2018 update! If you live in the South Island, here’s some other good options. First of all, Dunedin drinkers can get amongst all weekend under certain conditions, thanks to  a bylaw change to accomodate the ginger wonderboy Ed Sheeran concerts. (He’s good now because of this.) But, any Dunedin bar that does open on Good Friday or Easter Sunday has to make it a ‘special event.’ In response to that, one taproom will let people in for a $20 entry fee, but then also give them a large lamb roll.

And if you’re in Christchurch, there will never be a better time to go and watch a day of test cricket than Good Friday and Easter Sunday. Hagley Park’s website says alcohol will be available across all five days of the test, starting on Good Friday. Better still, they won’t even have a public holiday surcharge. (Eden Park, take note.)

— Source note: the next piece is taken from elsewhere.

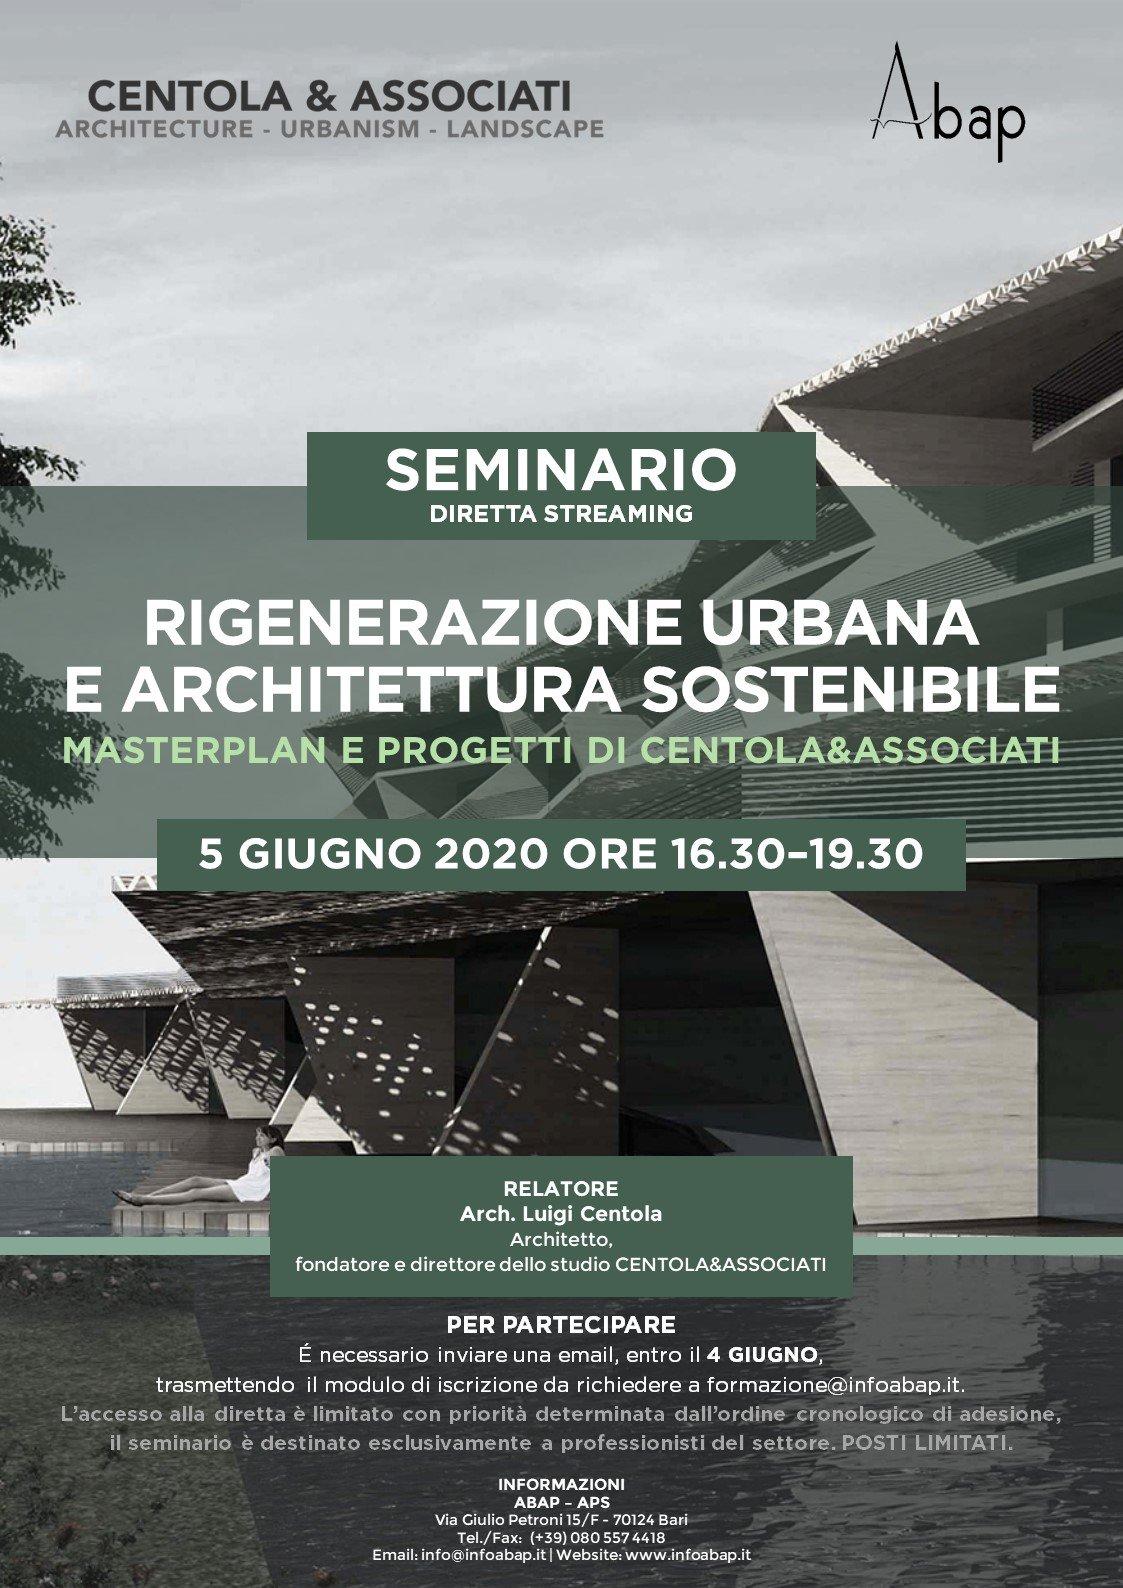 1.locandina-rigenerazione-urbana-05-06-2020_abap

But here’s a question – why can’t we buy beer whenever we want? Seriously. Why not?

Why are the traditions of one group’s belief system governing what we can and can’t do? We don’t ban supermarkets from selling food during Ramadan. We don’t enforce candle lighting on Hannukah. There’s no government-mandated abstinence on Lent.

I’m not even a militant atheist – I’ve watched enough Planet Earth to hold off on completely discounting some creative force, but this is some archaic bullshit. We shouldn’t have to move into a pub to have beer on any Friday, and particularly not one that’s supposedly “good”.